The introduction of computer-controlled systems in the sphere of safety technology has been accompanied in all large-scale technical equipment not only by expensive research and development projects but also by significant restrictions designed to enhance safety. (Aerospace technology, military technology and atomic power technology may here be cited as examples of large-scale applications.) The collective field of industrial mass production has up to now been treated only in a very limited fashion. This is partly for the reason that the rapid cycles of innovation characteristic of industrial machine design make it difficult to carry over, in any but a very restricted manner, such knowledge as may be derived from research projects concerned with the final testing of large-scale safety devices. This makes the development of rapid and low-cost assessment procedures a desideratum (Reinert and Reuss 1991).
This article first examines machines and facilities in which computer systems presently perform safety tasks, using examples of accidents occurring preponderantly in the area of machine safeguards to depict the particular role which computers play in safety technology. These accidents give some indication as to which precautions must be taken so that the computer-controlled safety equipment currently coming into increasingly wide use will not lead to a rise in the number of accidents. The final section of the article sketches out a procedure which will enable even small computer systems to be brought to an appropriate level of technical safety at justifiable expense and within an acceptable period of time. The principles indicated in this final part are currently being introduced into international standardization procedures and will have implications for all areas of safety technology in which computers find application.

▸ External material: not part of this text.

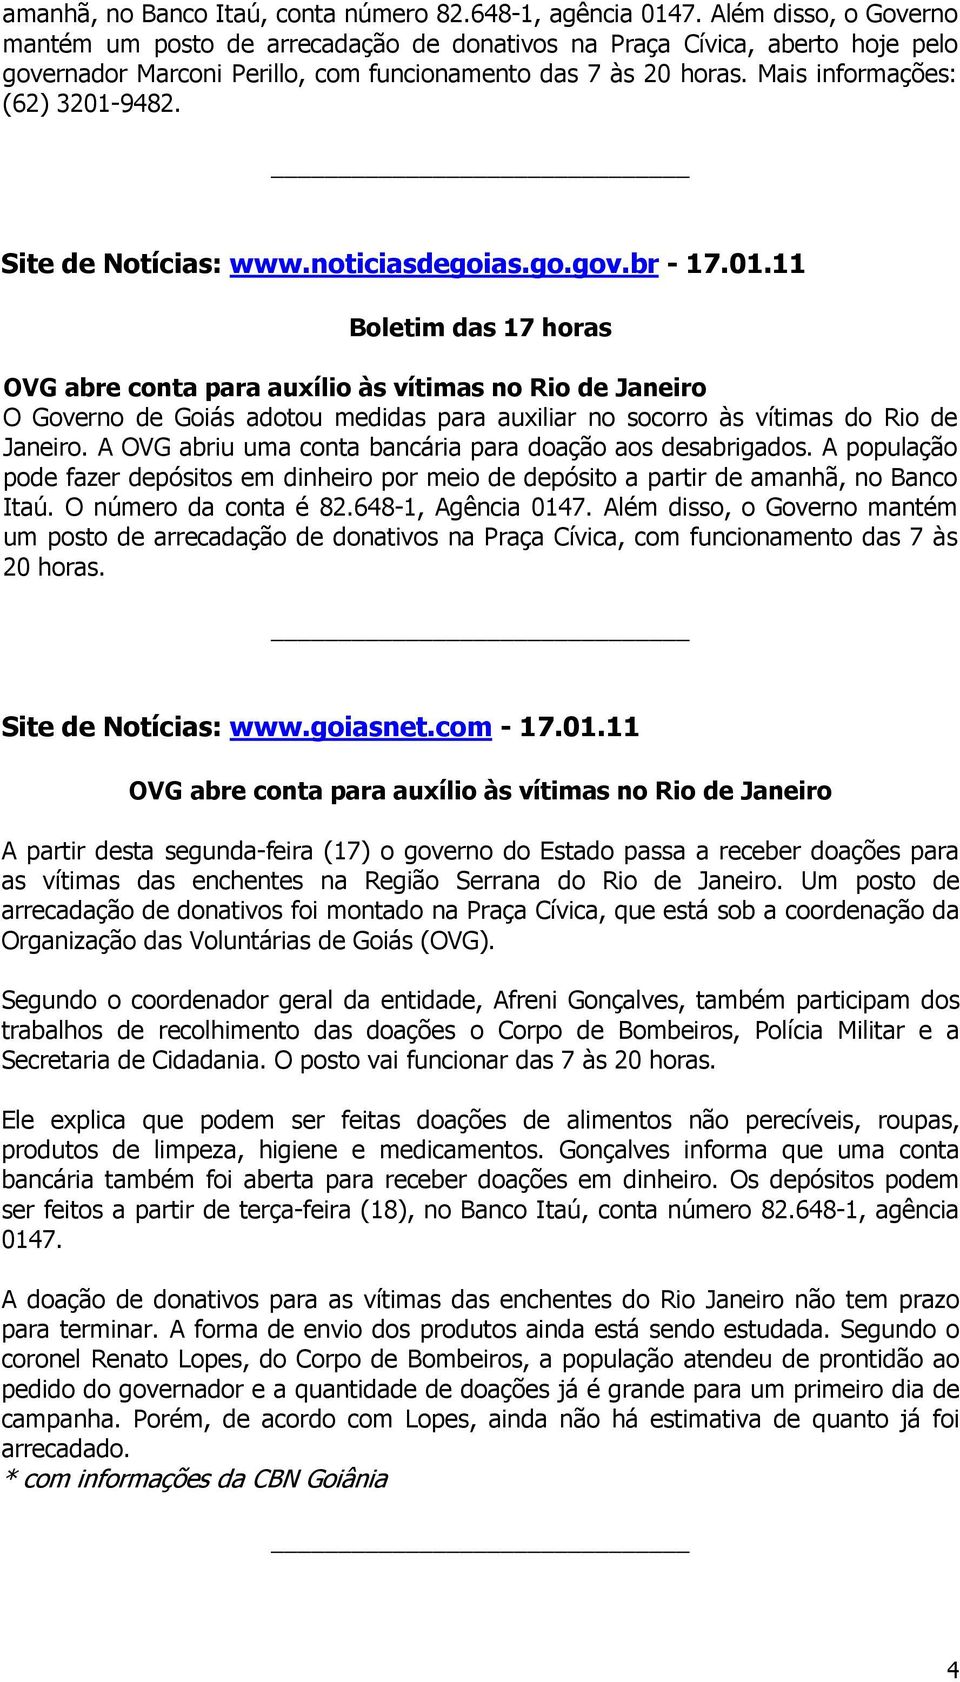 Boletim das 17 horas O Governo de Goiás adotou medidas para auxiliar no socorro às vítimas do Rio de Janeiro. A OVG abriu uma conta bancária para doação aos desabrigados.
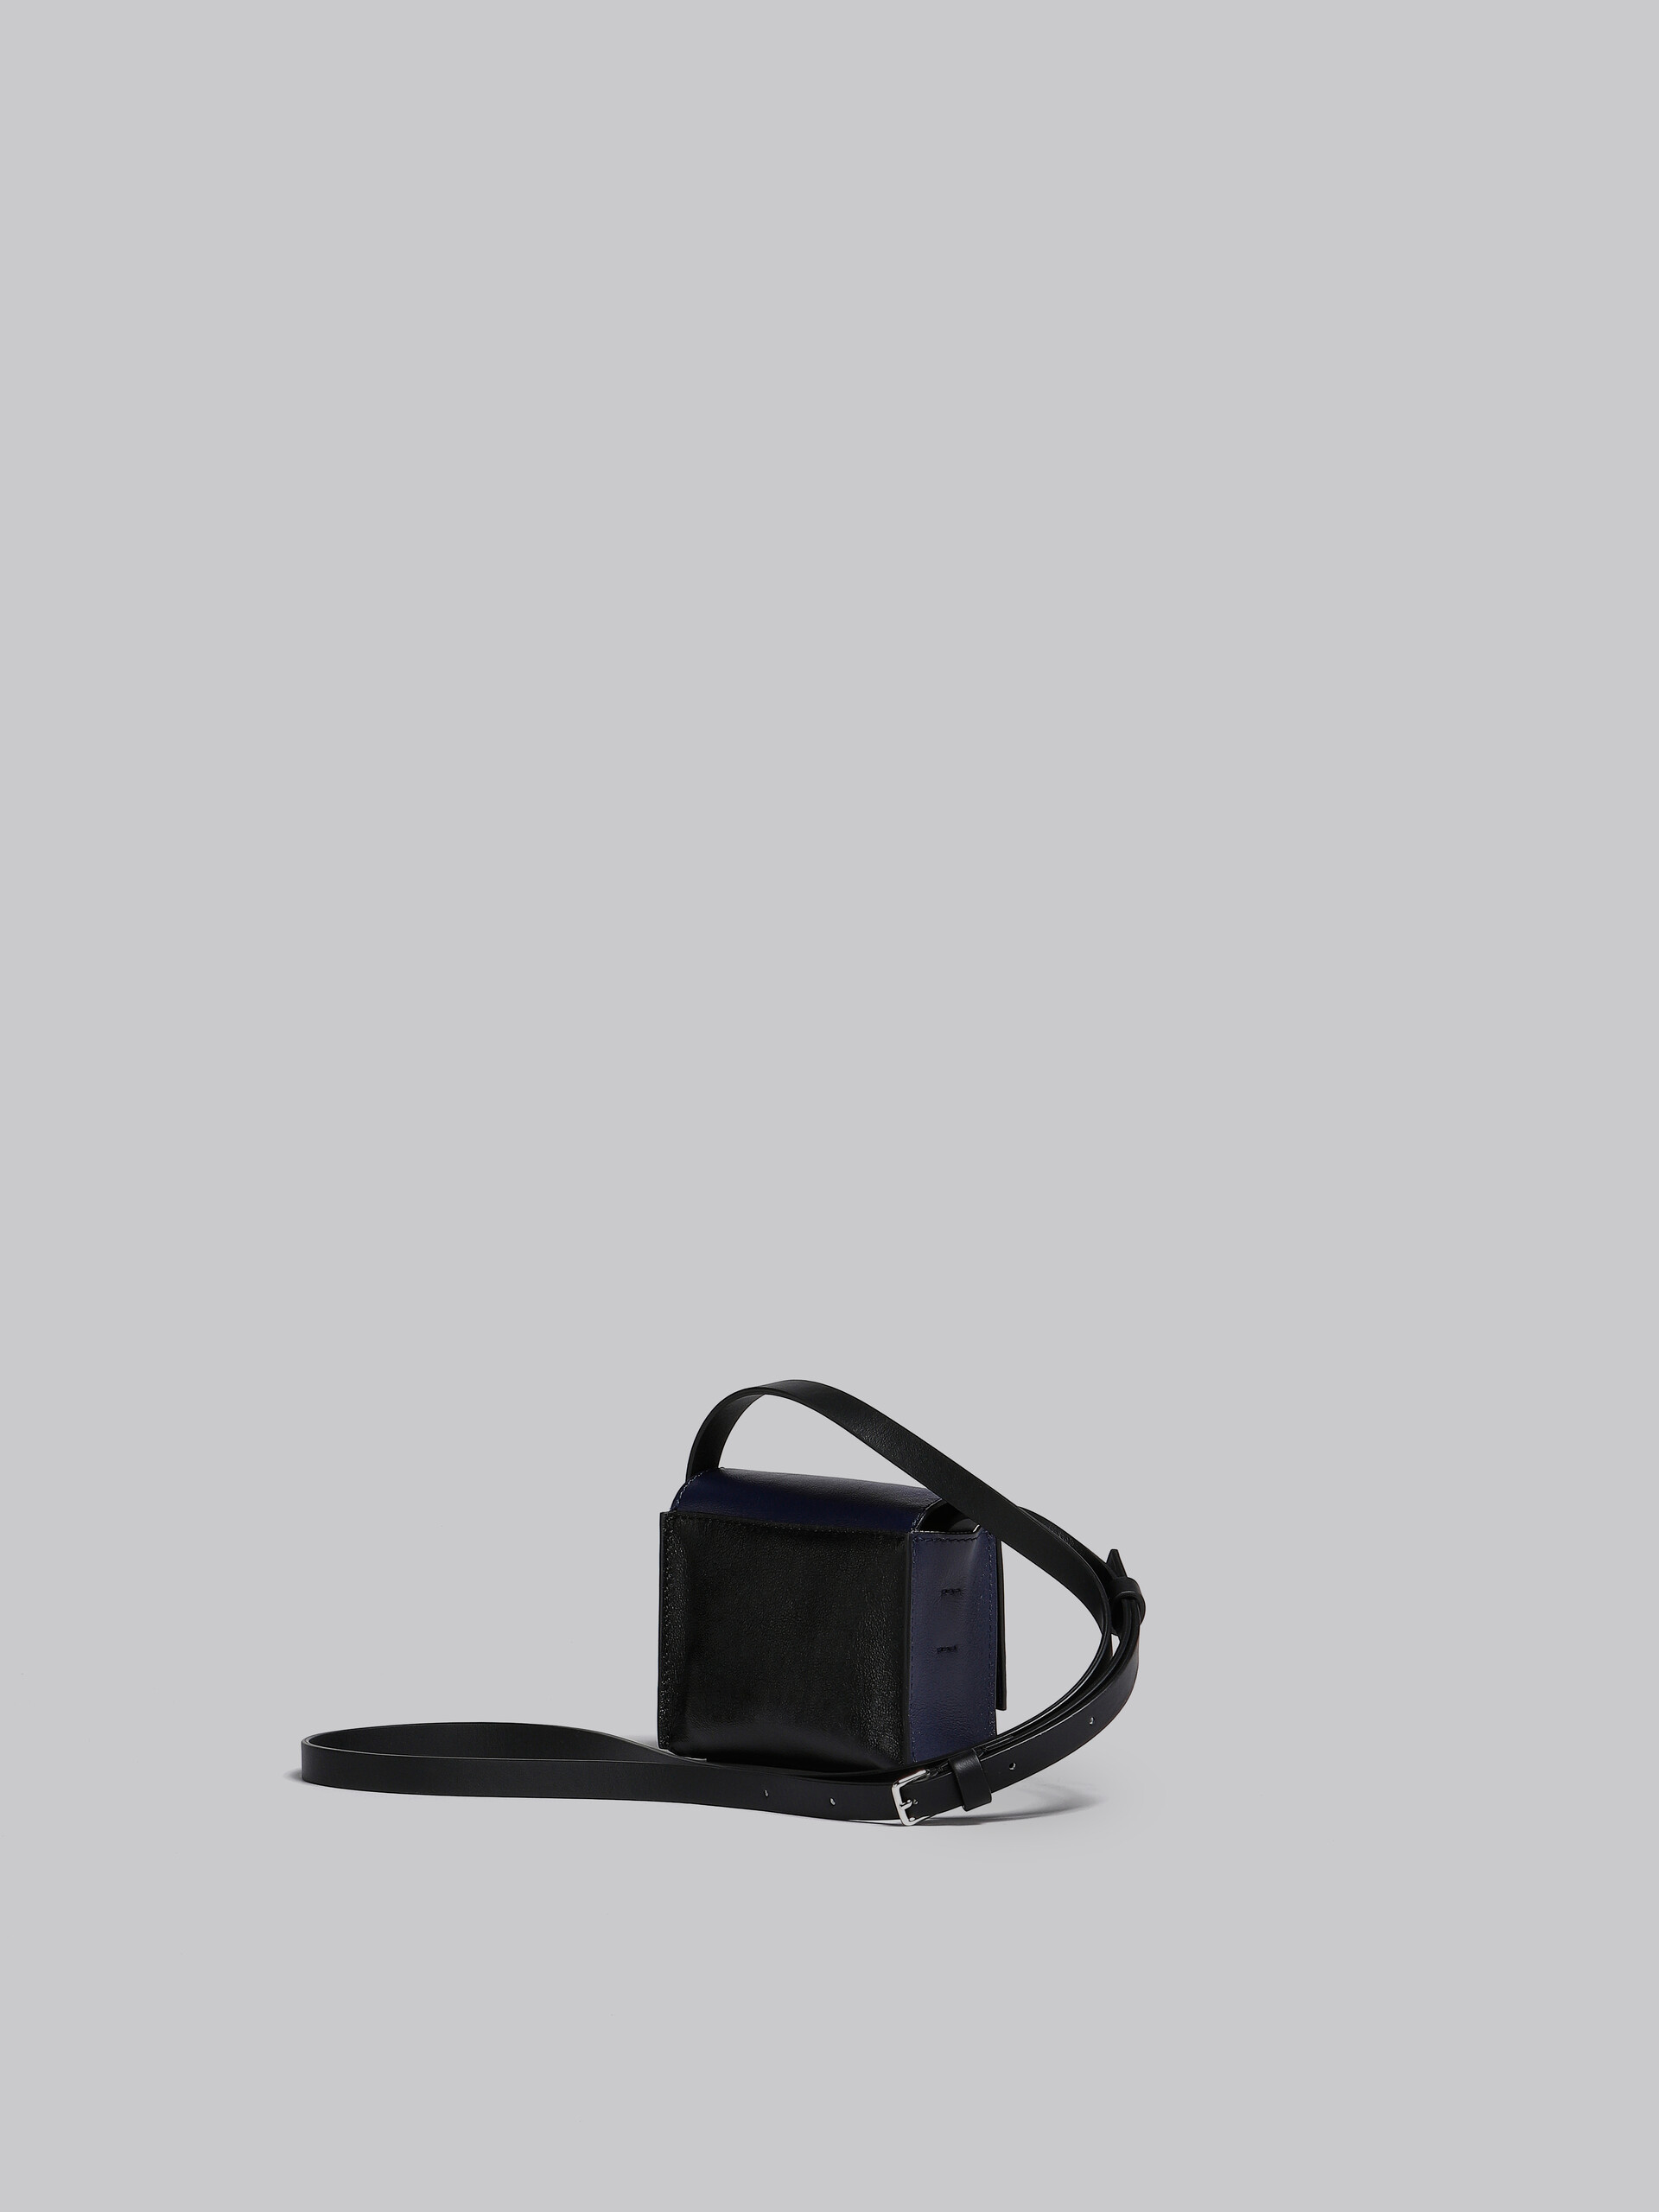 Blue and black leather crossbody bag - Shoulder Bag - Image 3

Examples of the Use of Software and Computers in the Field of Machine Safeguards
The following four examples make it clear that software and computers are currently entering more and more into safety-related applications in the commercial domain.
Personal-emergency signal installations consist, as a rule, of a central receiving station and a number of personal emergency signalling devices. The devices are carried by persons working onsite by themselves. If any of these persons working alone find themselves in an emergency situation, they can use the device to trip an alarm by radio signal in the central receiving station. Such a will-dependent alarm trigger may also be supplemented by a will-independent triggering mechanism activated by sensors built into the personal emergency devices. Both the individual devices and the central receiving station are frequently controlled by microcomputers. It is conceivable that failure of specific single functions of the built-in computer could lead, in an emergency situation, to a failure to trip the alarm. Precautions must therefore be taken to perceive and to repair such loss of function in time.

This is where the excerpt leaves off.